I'm telling you, for 3D or any DCC work, this thing is sweeeet!!
Over the years now I have gotten lots of amazing hardware to test and play at Softimage...er Autodesk. Now that I have a blog I'm going to try to share more of that
information with you all so hopefully you find it useful when thinking about hardware. One thing a lot of you probably don't know is how much feedback vendors like Dell, HP,
Nvidia etc.. take from us when designing products for the 3D DCC market. I have to say I was rather honored when Dell approached me almost a year before the first M6400 was
launched to make sure they were on the right path to what our customers wanted in a mobile workstation.

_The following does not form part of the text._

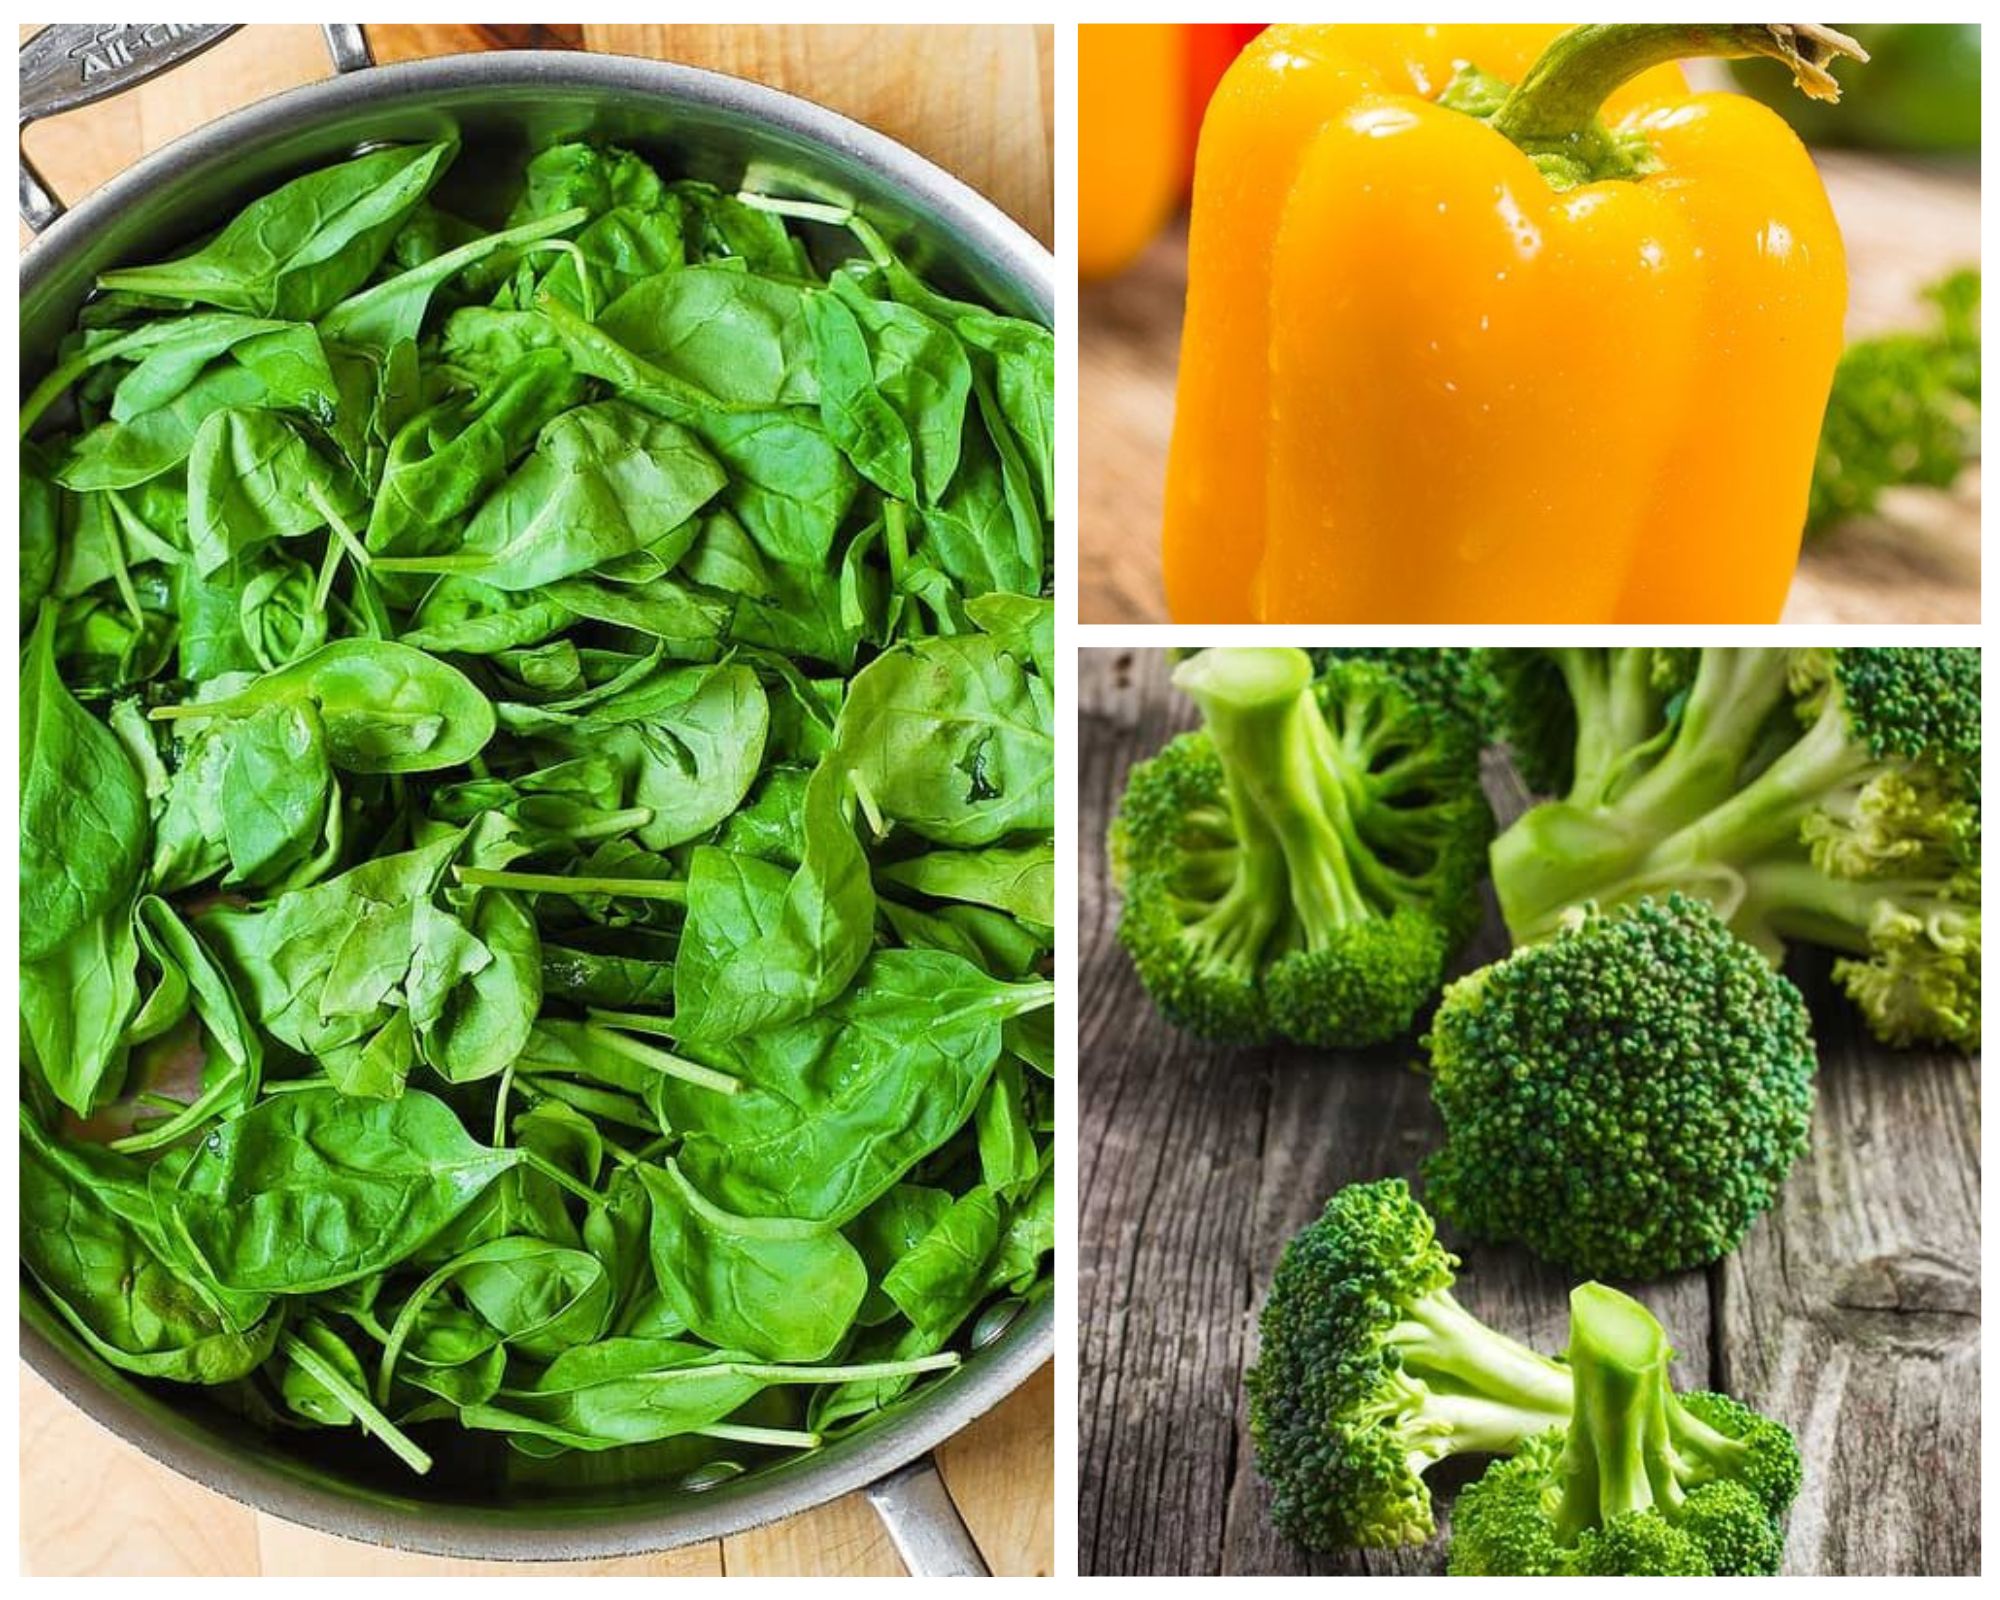 5 Super-Veggies That Can Boost Your Health and Wellness
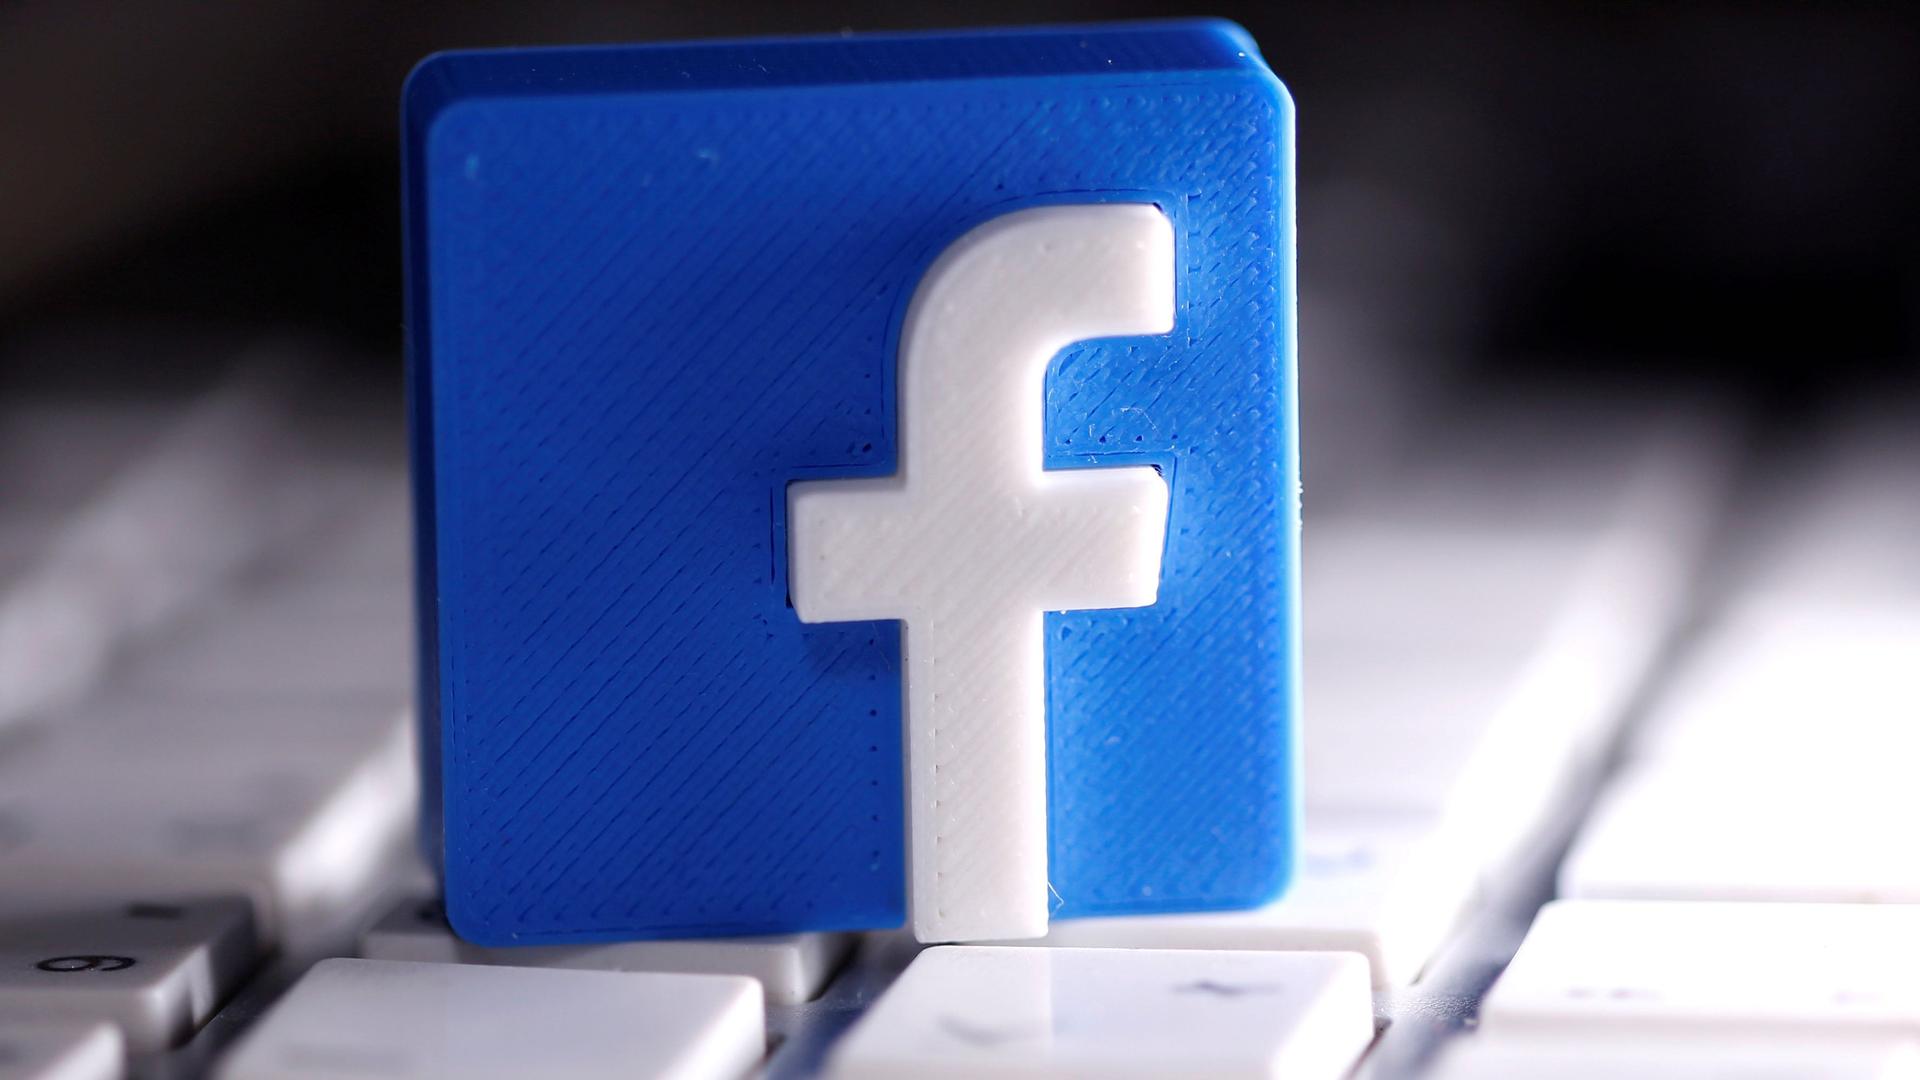 A 3D-printed Facebook logo is seen placed on a keyboard in this illustration taken March 25, 2020.

I told them I wanted workstation graphics in sexy case, I got aluminum
skinned, blood-orange. I wanted crazy storage, I got 16gigs and a RAID... on a laptop! Early on in I even had little covert dinner with the product designer of the M6400
at a Cheesecake Factory in Redondo Beach where I live. He pulled out some wood mockups to get my opinion on the sleek new orange shell. Very cool indeed. Dell's not the only
vendor I work closely with but they obviously care about what our DCC customers need.
Another thing many of you probably don't know is usually before hardware is even released all of our products go through a rigorous certification program. I used to have this
responsibility when we were Softimage but I've passed that torch to the Autodesk Certification team in Montreal. They have a great group up there who work round the clock
testing drivers, reporting bugs to the hardware vendors, everything to make sure all the Autodesk products work properly on "Certified Hardware". I know the certified hardware
generally costs more than the consumer counterpart but trust me, there's a lot of good reasons why.
If you want to see a video of yours truly with the original M6400 Covet, check it out: http://www.youtube.com/watch?v=chWt8xHaGqw
Well that's it for now, hope to see you in Vancouver!!